FIGURE 1.

IGF-I induces expression of WDR3 and NEP1 mRNA. A, MCF-7 cells were serum-starved for 12 h and stimulated with 100 ng/ml IGF-I for the indicated time. Total RNA was extracted, and Northern blot analysis was performed using probes specific for WDR3 and 18 S rRNA. Numerical values represent fold change WDR3 mRNA expression relative to 18 S rRNA and normalized to expression at time 0 h. Results represent one of two independent Northern blotting experiments with similar results. B, MCF-7 cells were serum-starved for 12 h and stimulated with 100 ng/ml IGF-I for the indicated times. Total RNA was extracted and analyzed by semi-quantitative RT-PCR using NEP1 and GAPDH primers. Results represent one of three independent experiments with similar results. C, MCF-7 cells were pre-treated with LY294002 (LY), rapamycin (Rap), and PD98059 (PD) for 30 min prior to IGF-I stimulation with 100 ng/ml IGF-I. Total RNA was extracted and analyzed by semi-quantitative RT-PCR using WDR3 and GAPDH primers. Results represent one of three independent experiments with similar results. D, MCF-7 cells were treated as in C. Total RNA was extracted and analyzed by semi-quantitative RT-PCR using NEP1 and GAPDH primers. Results represent one of three independent experiments with similar results.
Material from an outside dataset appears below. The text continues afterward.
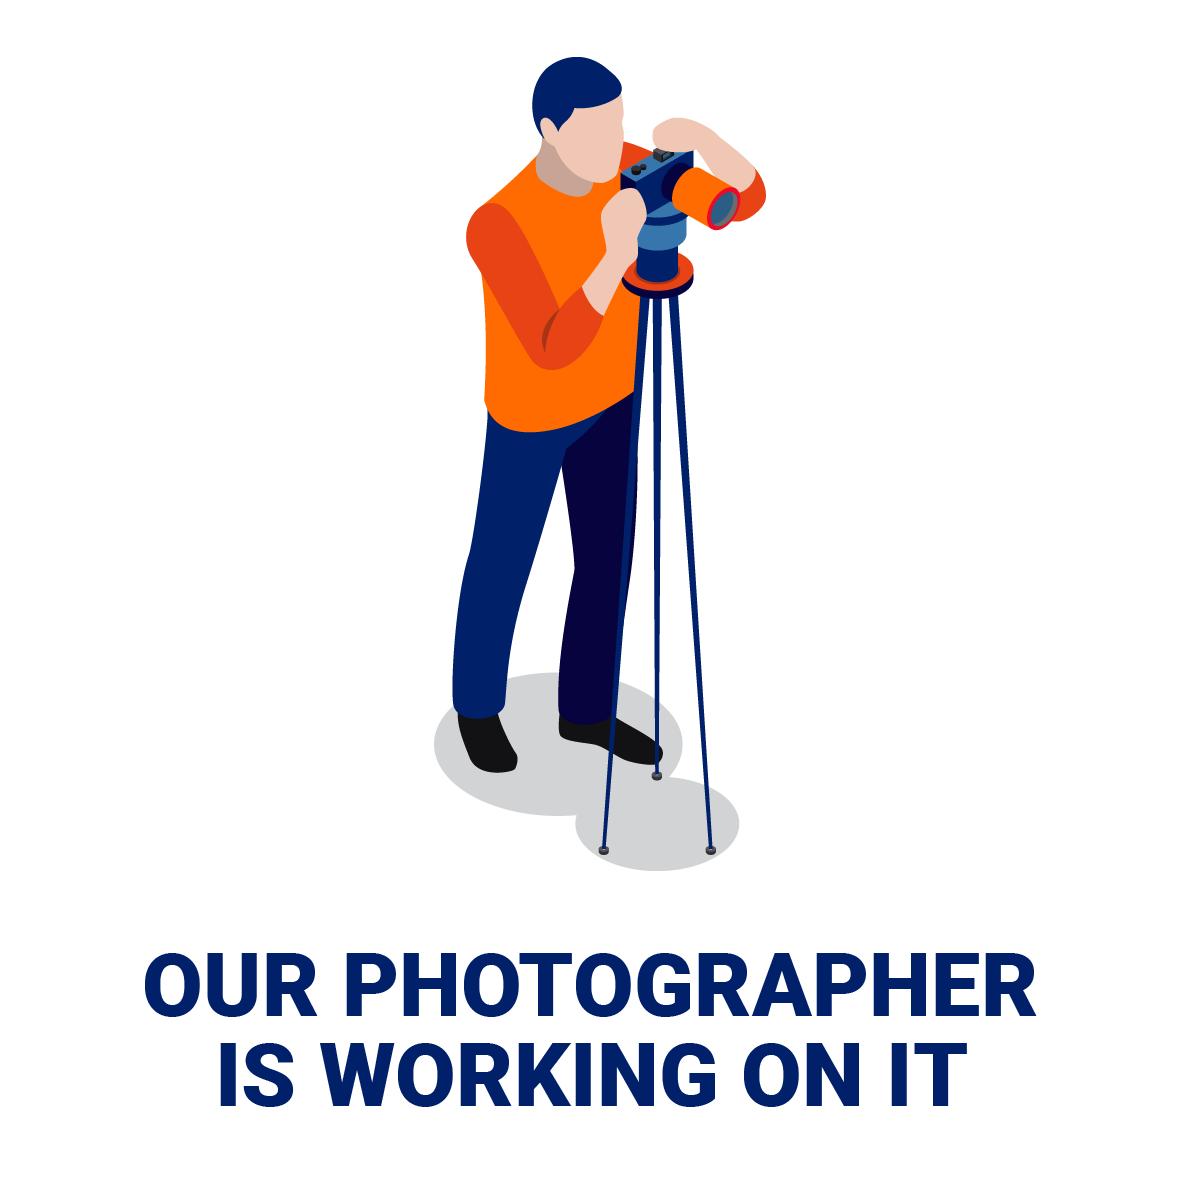 Dell Precision 3650 i9-11900 8 Core 2.50GHz 16GB 256GB NVMe SSD RTX 3080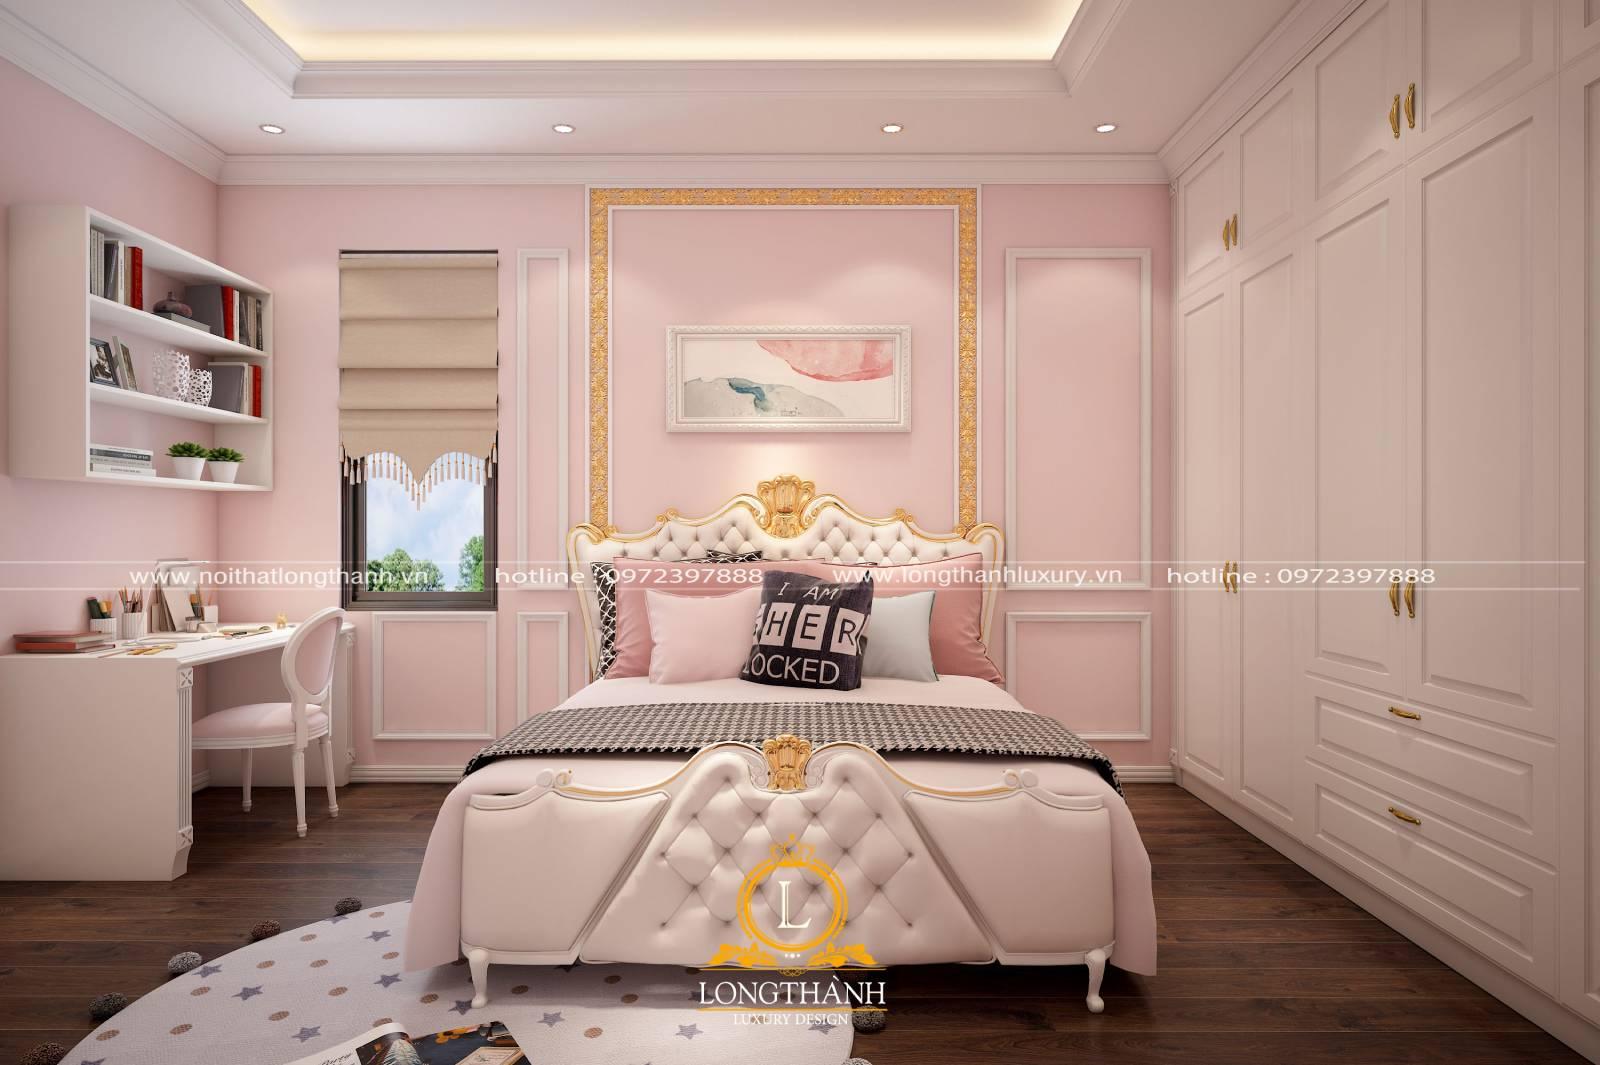 Phòng ngủ tân cổ điển đẹp màu trắng hồng dành cho các bé gái

E, level of WDR3 protein was analyzed from protein lysates of R⁺, R⁻, Rat-1, and Rat-1/Myc cells by Western blot analysis using an antibody generated to detect WDR3. α-Tubulin was used as a loading control. Results represent one of five independent experiments with similar results. F, graph represents fold change WDR3 expression relative to α-tubulin normalized to levels in R⁻ or Rat-1 cells from three similar experiments to that shown in E. *, p < 0.05, Student's t test.